What does **kwargs do in a Python function definition?

The **kwargs syntax collects any extra keyword arguments passed to a function into a dictionary named kwargs. Each keyword argument name becomes a dictionary key, and the argument value becomes the dictionary value. The double asterisk is the dictionary unpacking operator, and kwargs is the conventional name, though any valid identifier works.

Can a function use both *args and **kwargs?

Yes, and the order must be: required parameters, then *args, then keyword-only parameters with defaults, then **kwargs. When calling such a function, positional arguments fill required parameters and *args, keyword arguments that match parameter names fill those parameters, and any unmatched keyword arguments go into **kwargs.

When should I use **kwargs instead of named parameters with defaults?

Use **kwargs when the set of possible keyword arguments is genuinely open-ended and cannot be known in advance.

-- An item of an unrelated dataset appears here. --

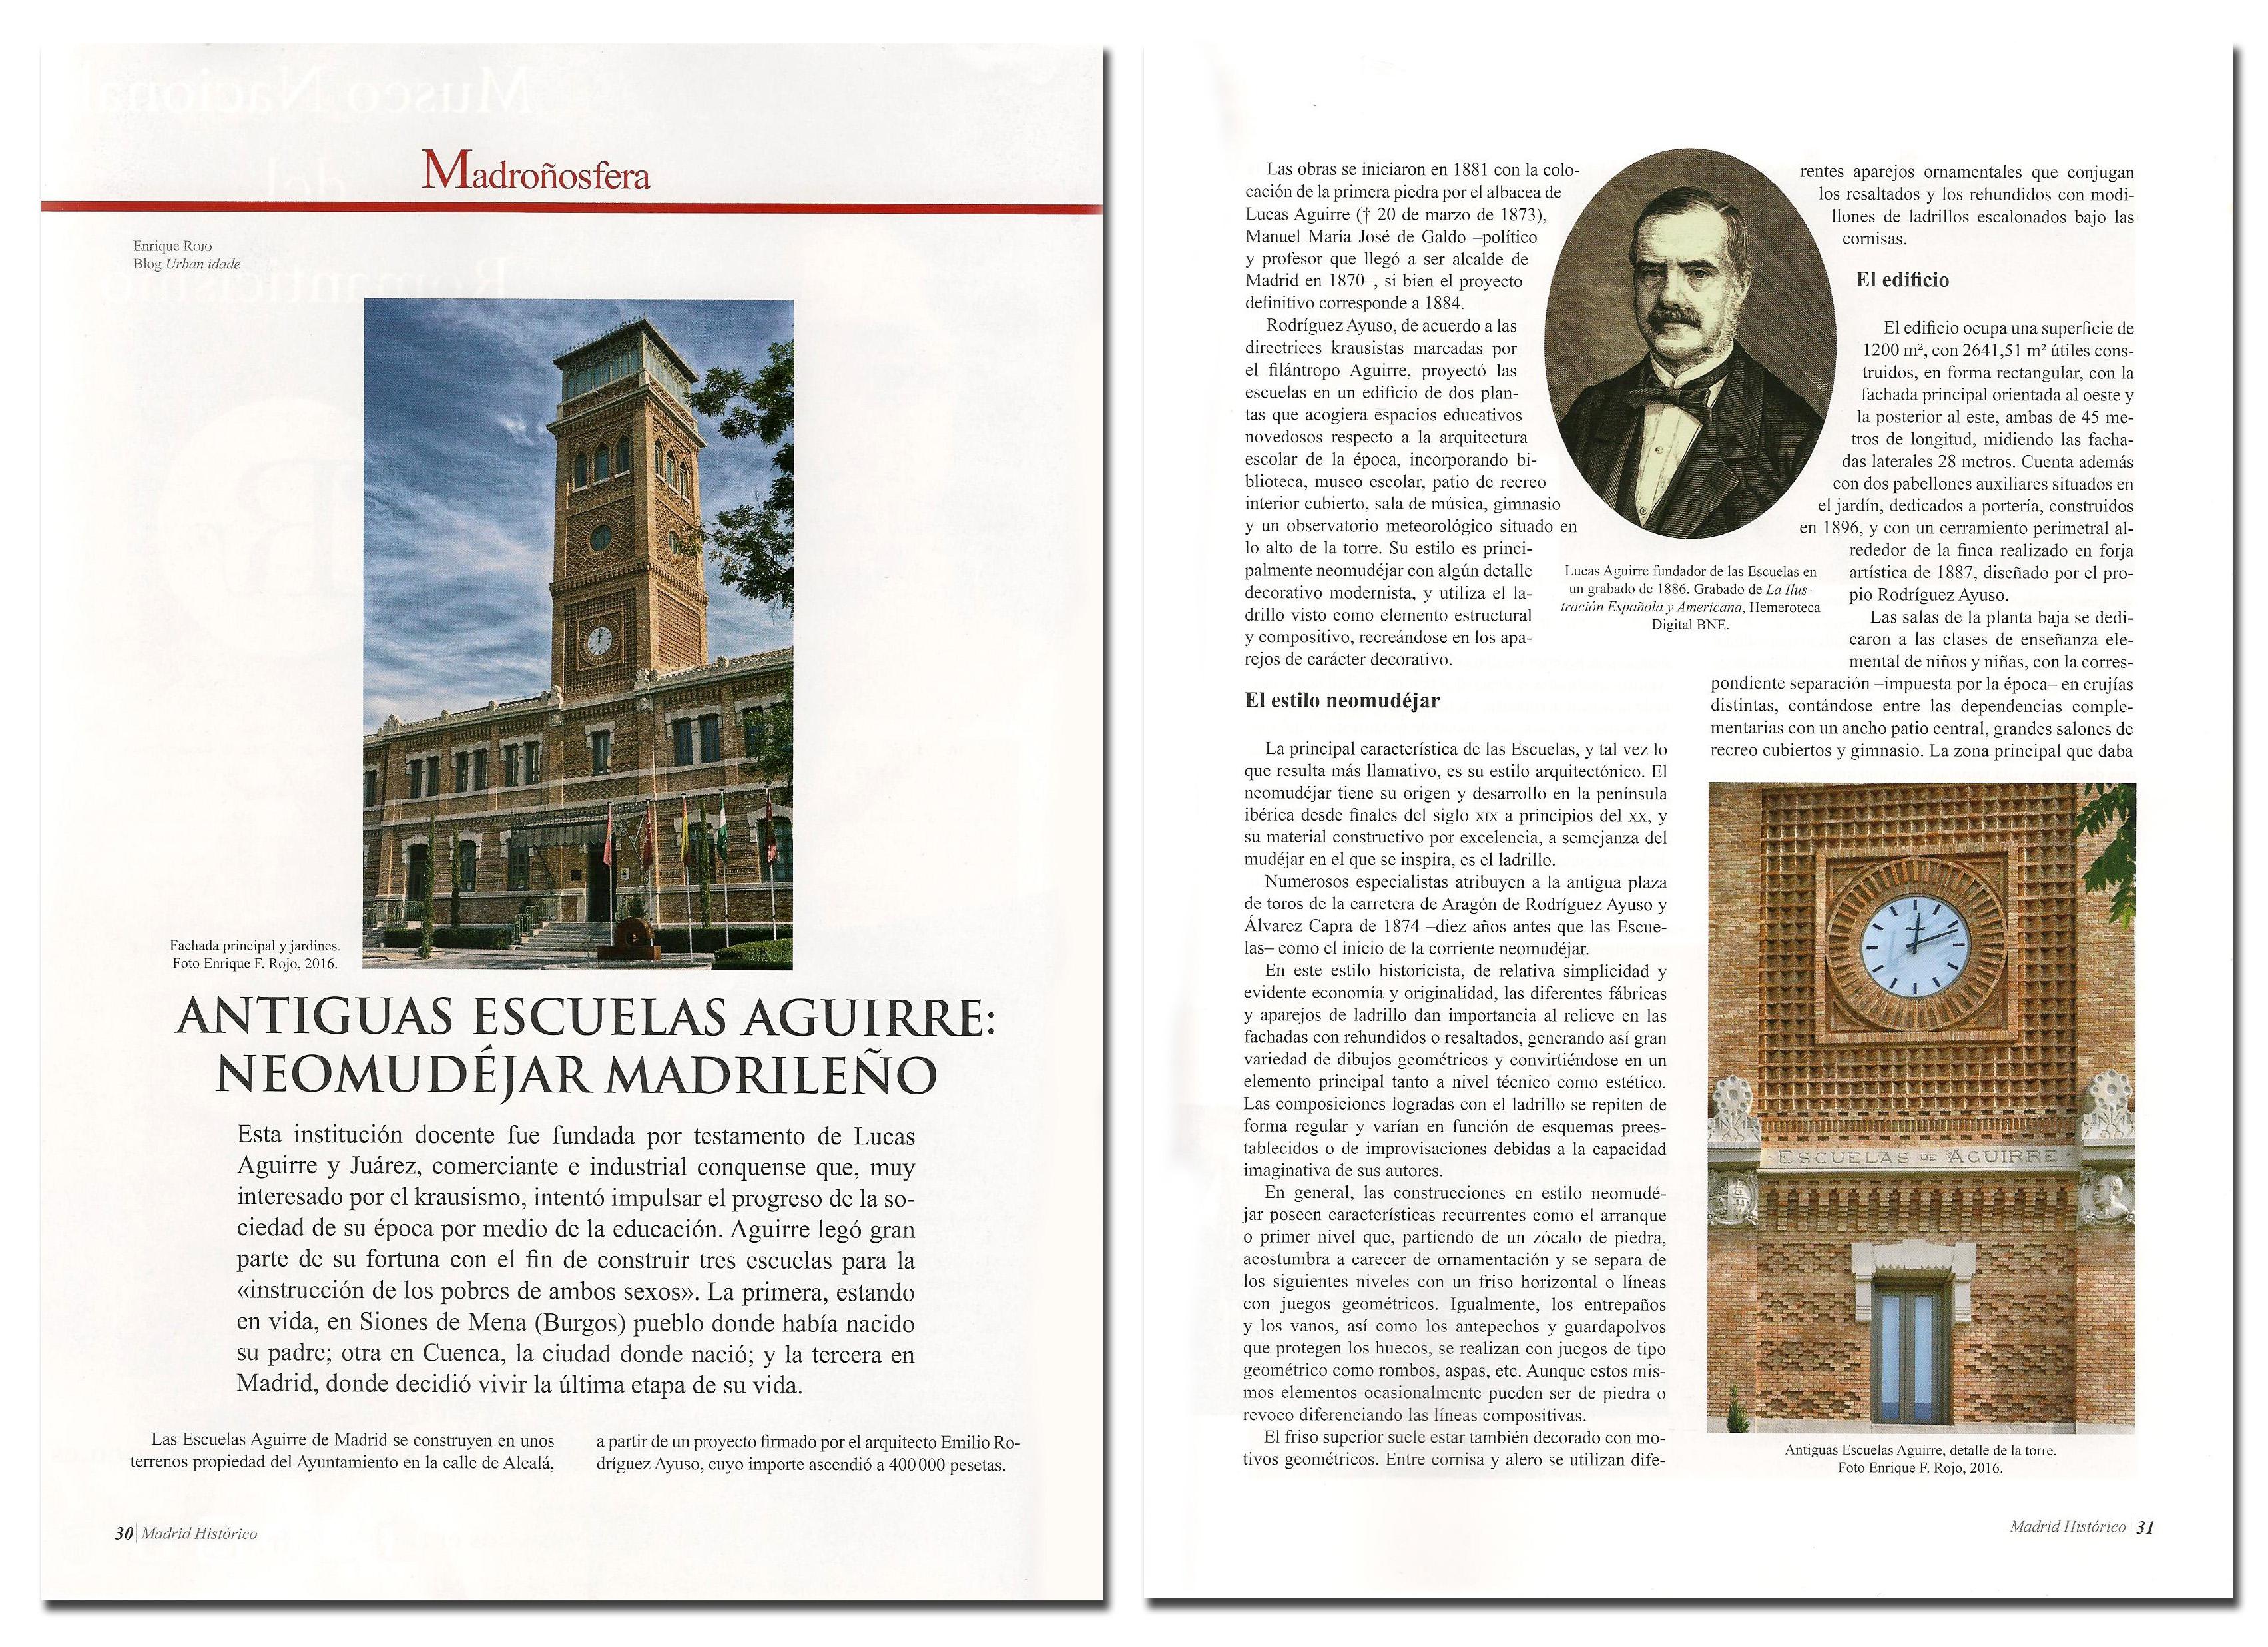 Articulo Escuelas Aguirre páginas 1-2.

Forwarding arguments to another function, building configuration systems, and wrapping APIs that may add new parameters in future versions are all legitimate uses. If the set of accepted keyword arguments is fixed and known, use named parameters with defaults instead; they are more self-documenting and give better IDE support.

Conclusion

**kwargs completes the flexibility that *args begins. Together, they let a Python function accept any combination of positional and keyword arguments, making it possible to write wrappers, dispatchers, and configuration systems that adapt to changing requirements without changing the function signature. The power of **kwargs comes with the responsibility to use it only when the flexibility is genuinely needed, not as a shortcut to avoid thinking about your function's interface.